AndrewMBaines · March 12, 2025, 8:33am

I don't know if this is the same issue. We were having terrible performance problems with Postgres and Metabase.
Solution was to add preferQueryMode=simple to the connection in Metabase.

daveseddon · March 12, 2025, 2:54pm

Thanks @AndrewMBaines

Interesting. This option seems to be if the data store is Postgres, if I understand correctly.

We are using Clickhouse for our main data store, and Postgres for the configuration database. Clickhouse is dramatically faster than Postgres because it does LSM and the query gets fanned out across the replicas.

The diagram looks roughly like this:

If you are ok to share, I'd be very interested to see a screenshot of the "Developer tools", "Network" tab when you load a dashboard. This would show us how long the API calls are taking.

e.g. You can see the "query" calls here

Specifically, I mean these "query"/ "api.js" calls.

daveseddon · March 18, 2025, 9:30pm

We spun up Java Mission Control to see what on earth is going on inside Metabase
( JDK Mission Control )

To do this we just ran up Metabase locally with the StartFlightRecording configure:

docker run -d -p 3000:3000 --net=host -v /home/vivek/Mini_Desktop/binaries/metabase/temp/plugins:/plugins -e "MB_PLUGINS_DIR=/plugins" -e JAVA_OPTS="-Xms1G -Xmx1G -XX:+UnlockDiagnosticVMOptions -XX:+DebugNonSafepoints -XX:StartFlightRecording=duration=180s,filename=/tmp/recording.jfr -XX:+UseCompressedOops -XX:+UseParallelGC -Duser.timezone=UTC -Dcom.sun.management.jmxremote.port=1099 -Dcom.sun.management.jmxremote.rmi.port=1099 -Dcom.sun.management.jmxremote.authenticate=false -Dcom.sun.management.jmxremote.ssl=false -Dcom.sun.management.jmxremote.local.only=false -Djava.rmi.server.hostname=127.0.0.1"   -e "MB_DB_TYPE=postgres"   -e "MB_DB_DBNAME=ChangeMe"   -e "MB_DB_PORT=5432"   -e "MB_DB_USER=ChangeMe"   -e "MB_DB_PASS=ChangeMe"   -e "MB_DB_HOST=192.168.122.1"  --name metabase metabase/metabase:v0.50.19.4

( Please note that in this configuration we had some configuration pointing at an old data source that doesn't exist, so it threw some execptions on startup. That's ok, we know these errors are expected. )

We were focused on trying to understand why the DB takes ~32ms, while Metabase then takes >400ms

Turns out Clojure using all the CPU time ( clojure.lang.Util.hasheq(Object) )
( Clojure - Wikipedia , Lisp (programming language) - Wikipedia )
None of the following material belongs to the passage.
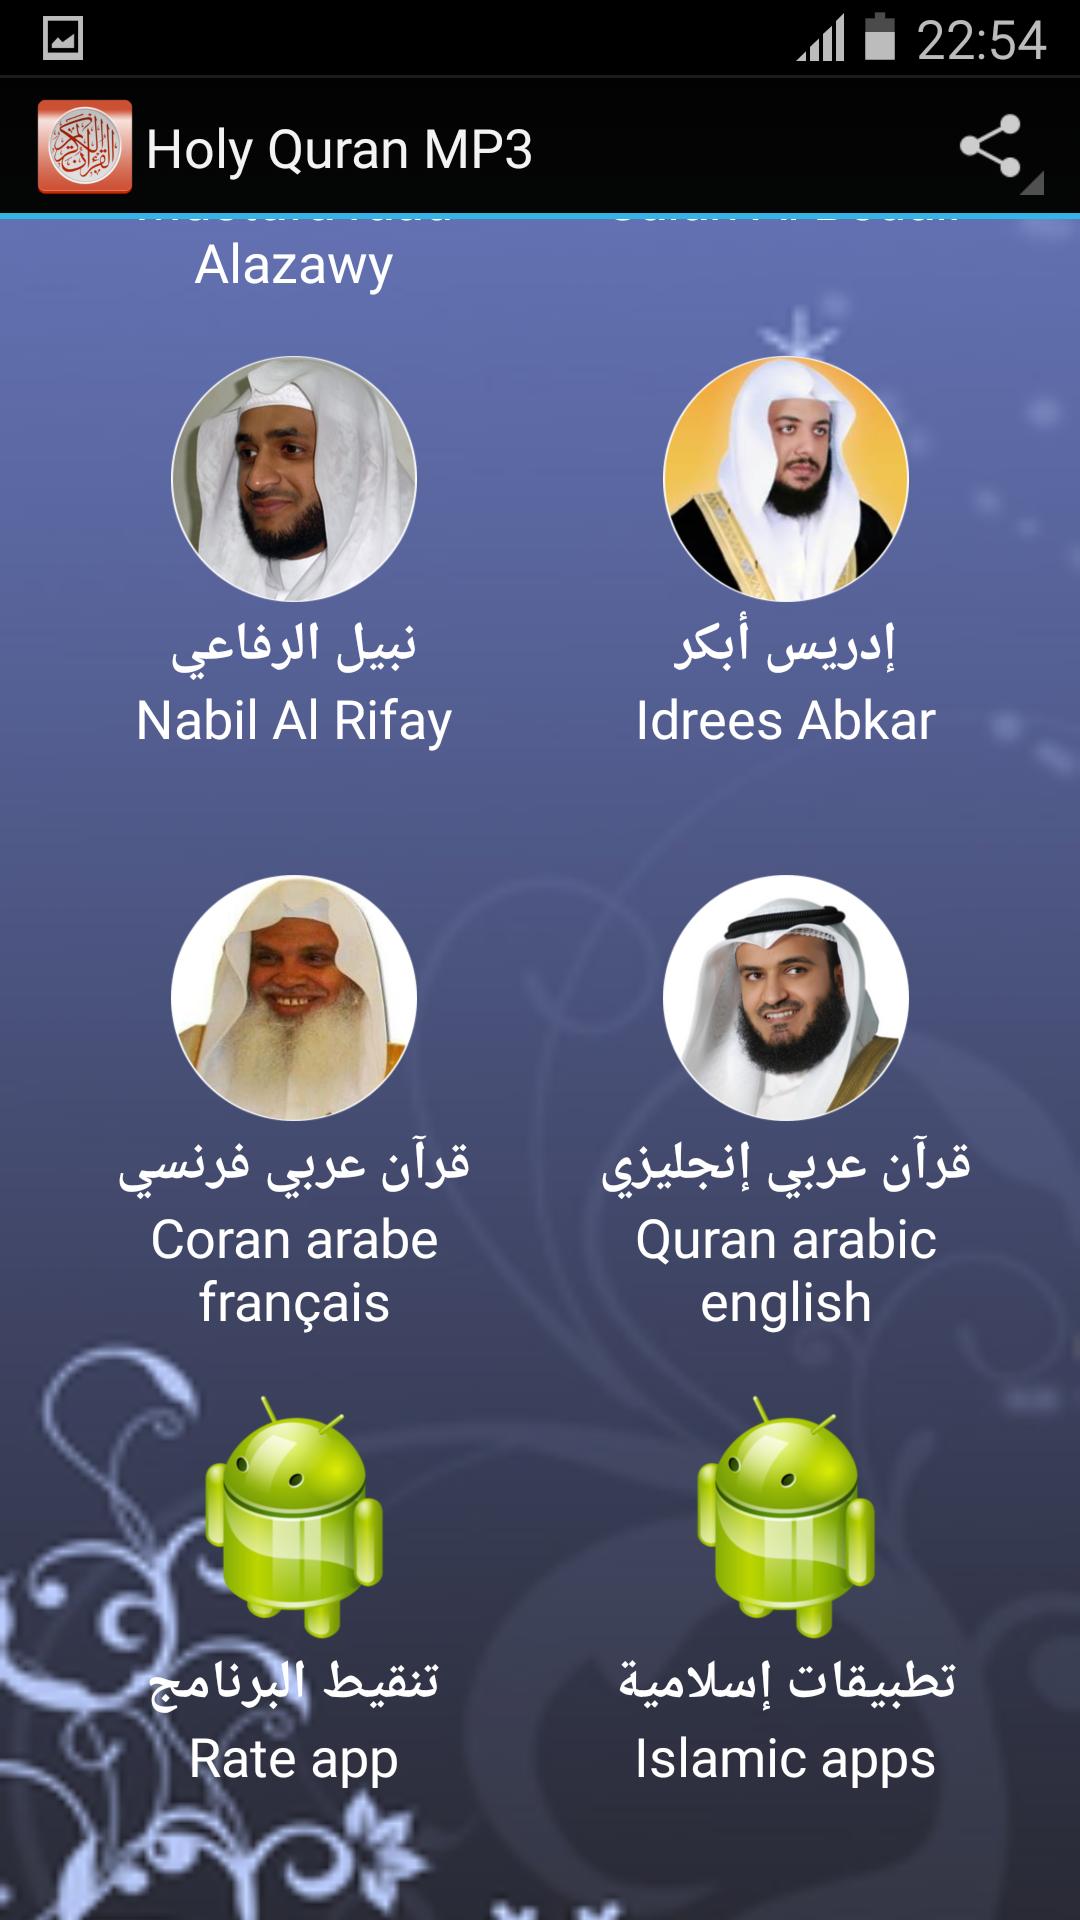 Holy Quran karim mp3 for Android - APK Download

We can see that query middleware is hardly using any time at all

We can also see the Garbage Collections are not a problem at all

Zooming in on FrameGraph of this clojure.lang.Util.hasheq(Object), we can see a LOT of salmon color, which is bad.

Specifically, at LOT of CPU time is spent in the Utils clojure.

github.com/clojure/clojure

src/jvm/clojure/lang/Util.java

master

/**
 *   Copyright (c) Rich Hickey. All rights reserved.
 *   The use and distribution terms for this software are covered by the
 *   Eclipse Public License 1.0 (http://opensource.org/licenses/eclipse-1.0.php)
 *   which can be found in the file epl-v10.html at the root of this distribution.
 *   By using this software in any fashion, you are agreeing to be bound by
 * 	 the terms of this license.
 *   You must not remove this notice, or any other, from this software.
 **/

/* rich Apr 19, 2008 */

package clojure.lang;

import java.io.IOException;
import java.lang.ref.Reference;
import java.math.BigInteger;
import java.util.Collection;
import java.util.Map;
import java.util.concurrent.ConcurrentHashMap;

This file has been truncated. show original

I guess this means that ultimately the slowness is deep within Metabase's implementation decision to use Clojure.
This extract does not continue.